OneAccess mise sur la Bourse pour aller concurrencer Cisco sur son propre marché
Entre Cisco, Huawei ou HP, OneAccess veut se faire un nom. Le jeune fabricant français de routeurs de télécoms a lancé un processus d’introduction à la Bourse de Paris, sur Euronext, afin de se doter de moyens supplémentaires pour rivaliser avec les principaux acteurs du marché et gagner ses premiers clients aux Etats-Unis. La société vise la signature de contrats auprès de cinq opérateurs américains de télécoms de premier ou de second rangs. Son nouveau routeur haut débit est actuellement en cours de certification auprès d’un opérateur « majeur aux Etats-Unis », indique le groupe.
OneAccess détient actuellement 15% de son marché de référence, la zone Europe-Moyen Orient-Afrique. Cisco en contrôle 75%. Le groupe américain détient également 75% du marché mondial.
Cette mise en Bourse fait partie d’un plan destiné à porter le chiffre d’affaires à 100 millions d’euros à l’horizon 2017, contre 68,6 à 70 millions d’euros attendus cette année. En 2013, OneAccess a dégagé 66,8 millions de revenus. Le groupe vise un résultat opérationnel consolidé courant de 15 millions d’euros en 2017, contre 2,4 millions en 2013.

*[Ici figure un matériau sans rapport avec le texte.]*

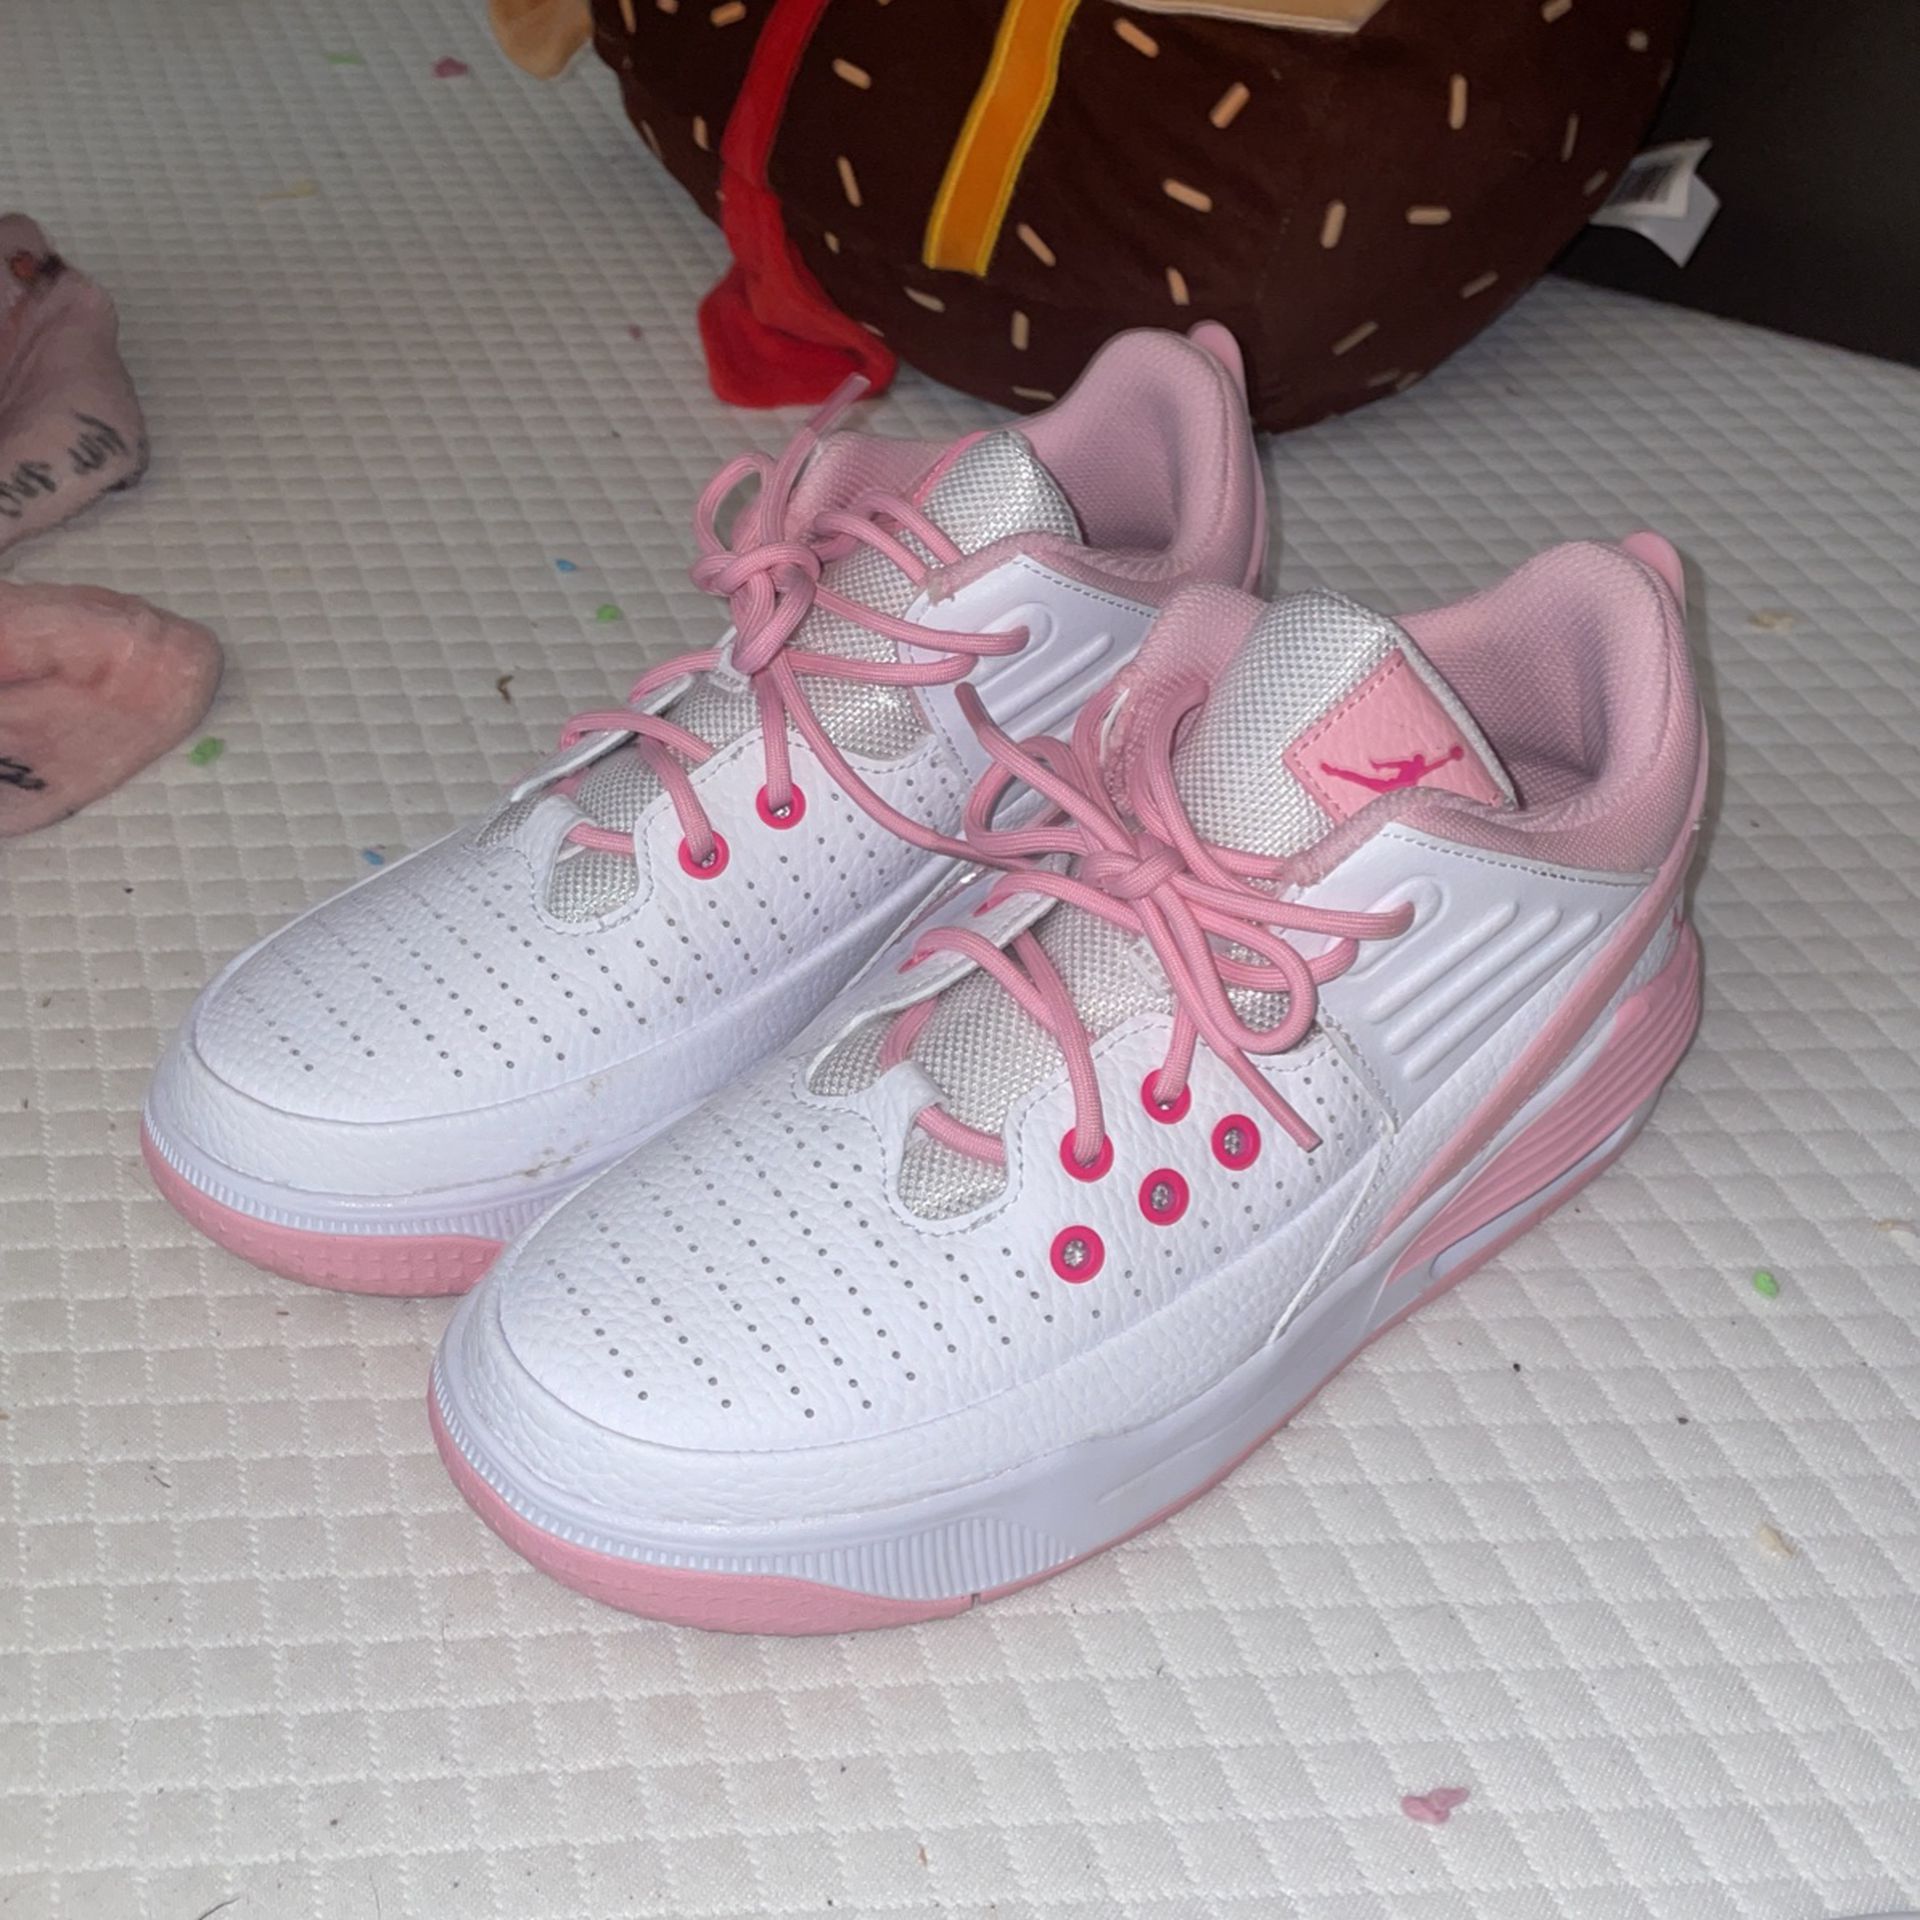 Size 6 Nike Air Jordan’s
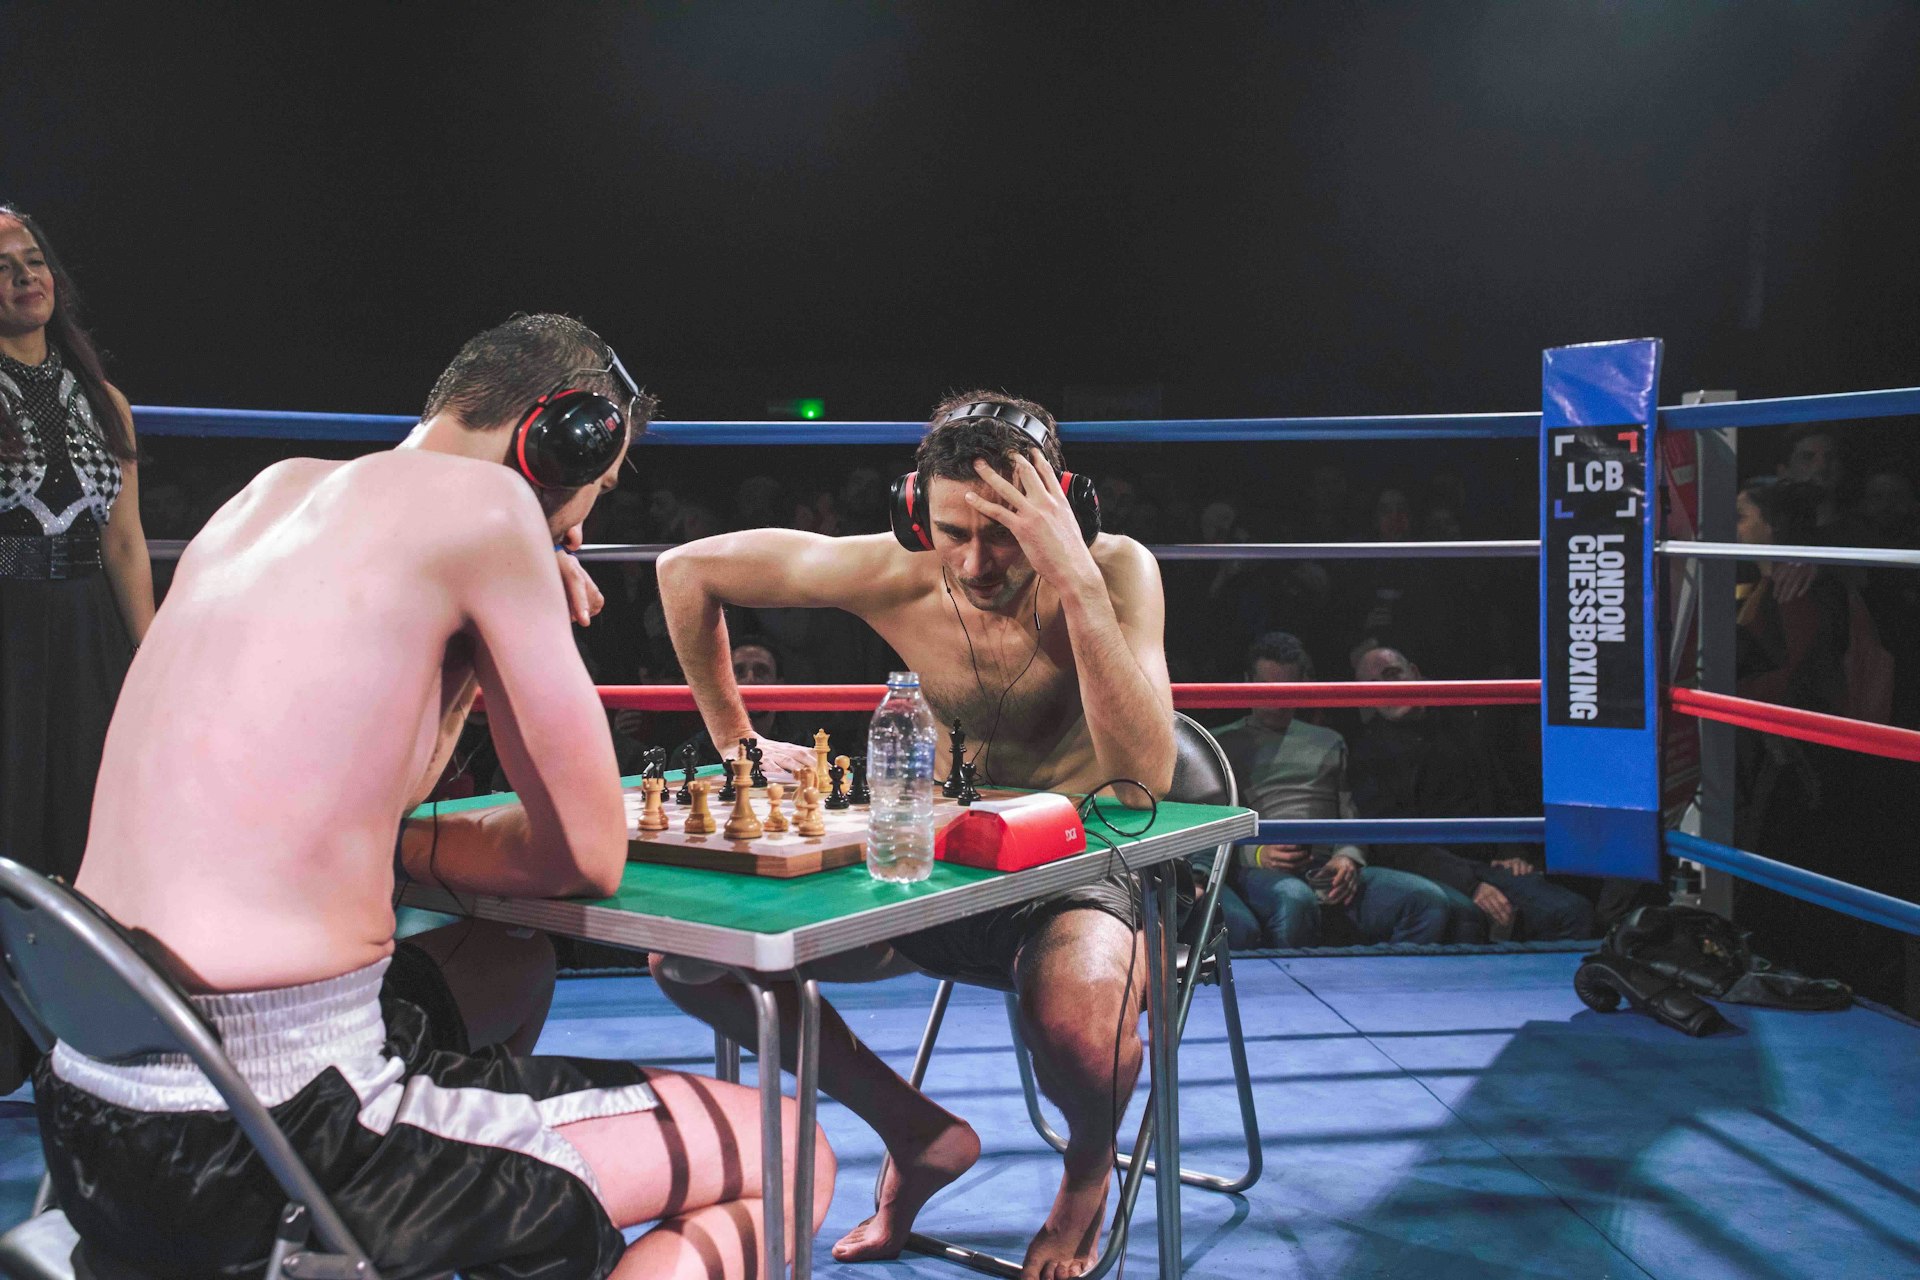 Chessboxing: the new craze where brain meets brawn

Créé en 2001, OneAccess a été soutenue depuis par plusieurs fonds dont Viventures, Idinvest (ex-AGF Private Equity), CDC Innovation, Innovacom ou CIC Finance. La plupart sont encore au tour de table. TempoVest est le premier actionnaire avec 36% du capital. L’acquisition en 2006 de la division «produits d’accès» du belge Telindus lui a permis de doubler de taille et de sortir du marché français, sur lequel il travaillait notamment pour l’ancien opérateur alternatif Neuf Cegetel, aujourd’hui intégré chez SFR. OneAccess s’appuie sur son usine belge pour fabriquer une partie de ses routeurs haut de gamme. 64% de sa production est toutefois sous-traitée à des tiers.
OneAcces n’est pas le premier jeune équipementier de télécoms français à revenir vers la Bourse. En avril 2013, le fabricant de routeurs optiques Ekinops s’est introduit sur Euronext avec une performance discutable. Vendues à 6,11 euros, les actions cotaient 5,37 euros vendredi soir, après avoir touché un plus haut à 17,37 euros début 2014.